Most websites have serious vulnerabilities, says report

A lot of attention has been paid this year to credentials theft through phishing attacks as a prime entry point leading to data theft. But a new report says website vulnerabilities still have to be paid attention to.

WhiteHat Security graphic

Application security solutions vendor Whitehat Security found that last year 86 per cent of 30,000 websites of customers it tested had at least one serious vulnerability. Just over half had more than one.

On average, 61 per cent of these vulnerabilities were resolved, but it took an average of 193 days from the first customer notification.

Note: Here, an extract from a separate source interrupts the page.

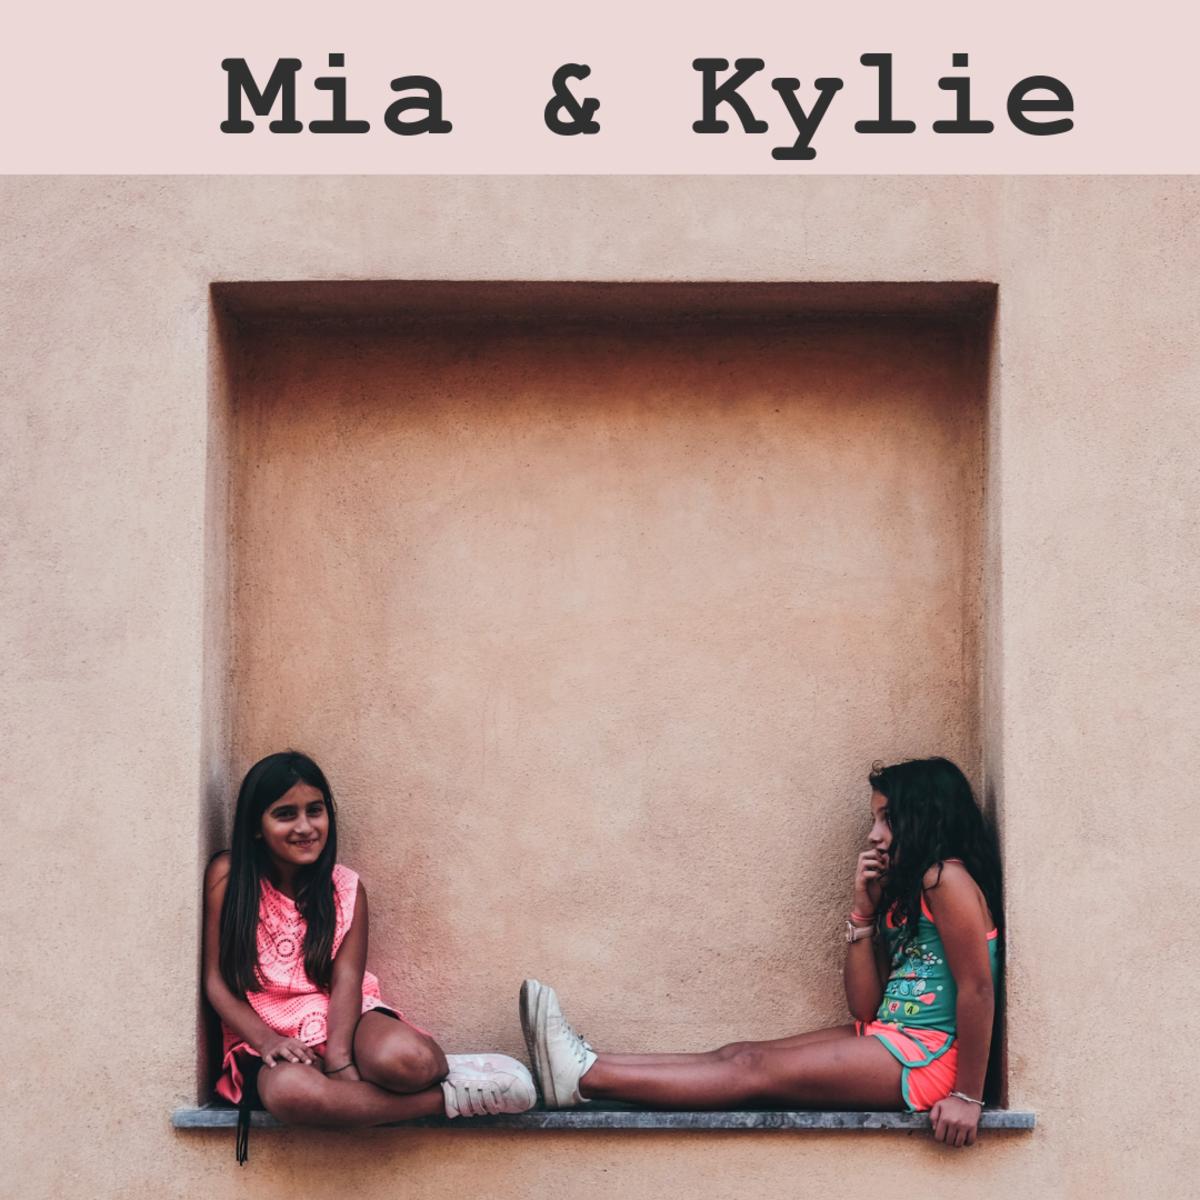 Mia & Kylie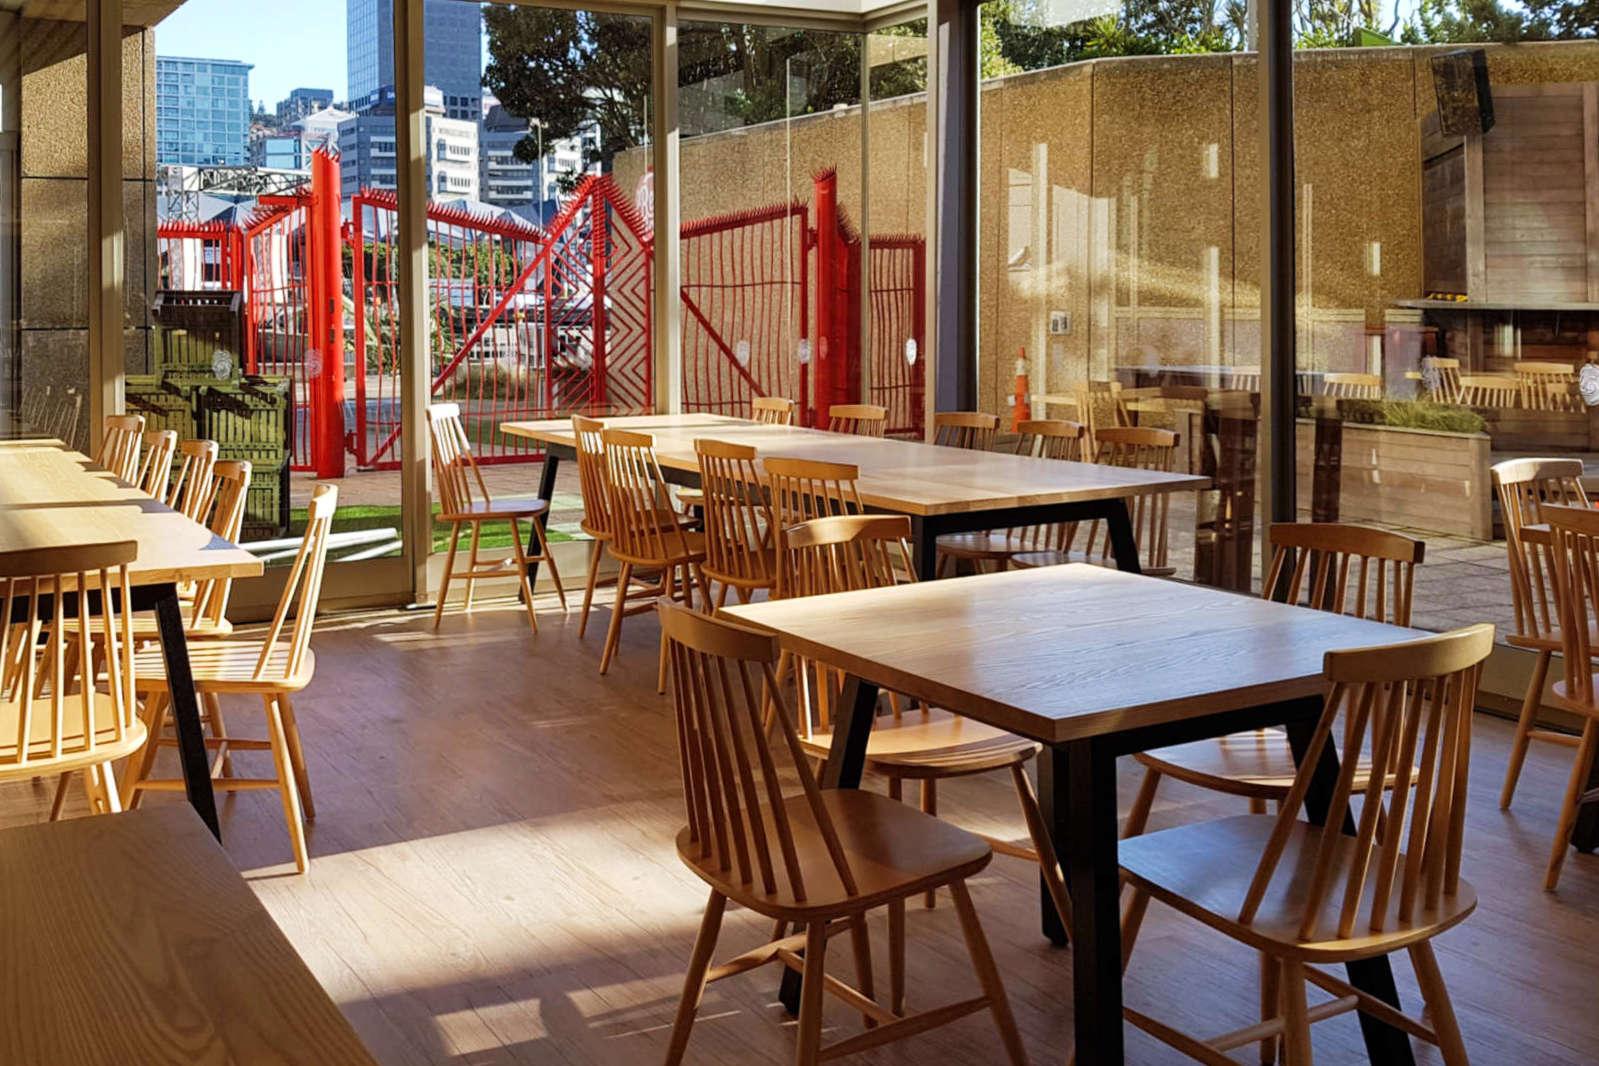 Te Papa Cafe - interior seating view to red gates

Globally, 55 per cent of the retail trade sites, 50 per cent of health care/social assistance sites, and 35 per cent of finance / insurance sites were always vulnerable. Conversely, educational services was the best performing industry with the highest percentage of rarely vulnerable sites (40 per cent). arts, entertainment, and recreation were the next best industries with 39 per cent of sites in rarely vulnerable category.

The good news is that — at least among the sites tested — content spoofing, cross-site scripting and fingerprinting has sharply declined in recent years. But the bad news is that insufficient transport layer protection has become the most likely vulnerability (70 per cent), followed by information leakage (56 per cent) and cross-site scripting (47 per cent).

The report quotes the 2015 Verizon Data Breach report saying that for the financial services industry web applications are the second leading cause of incidents (behind crimeware) last year, while in the healthcare and information technology industries web applications were the fourth and second causes of breaches.

“The answer to Web security, and much of information security, is we need more secure software, not more security software,” the WhiteHat report says in part. “While this is easy to say and has been said by us many times in  the past, the process of actually doing so is anything but solved or widely agreed upon – despite the plethora of so-called best practices and maturity models.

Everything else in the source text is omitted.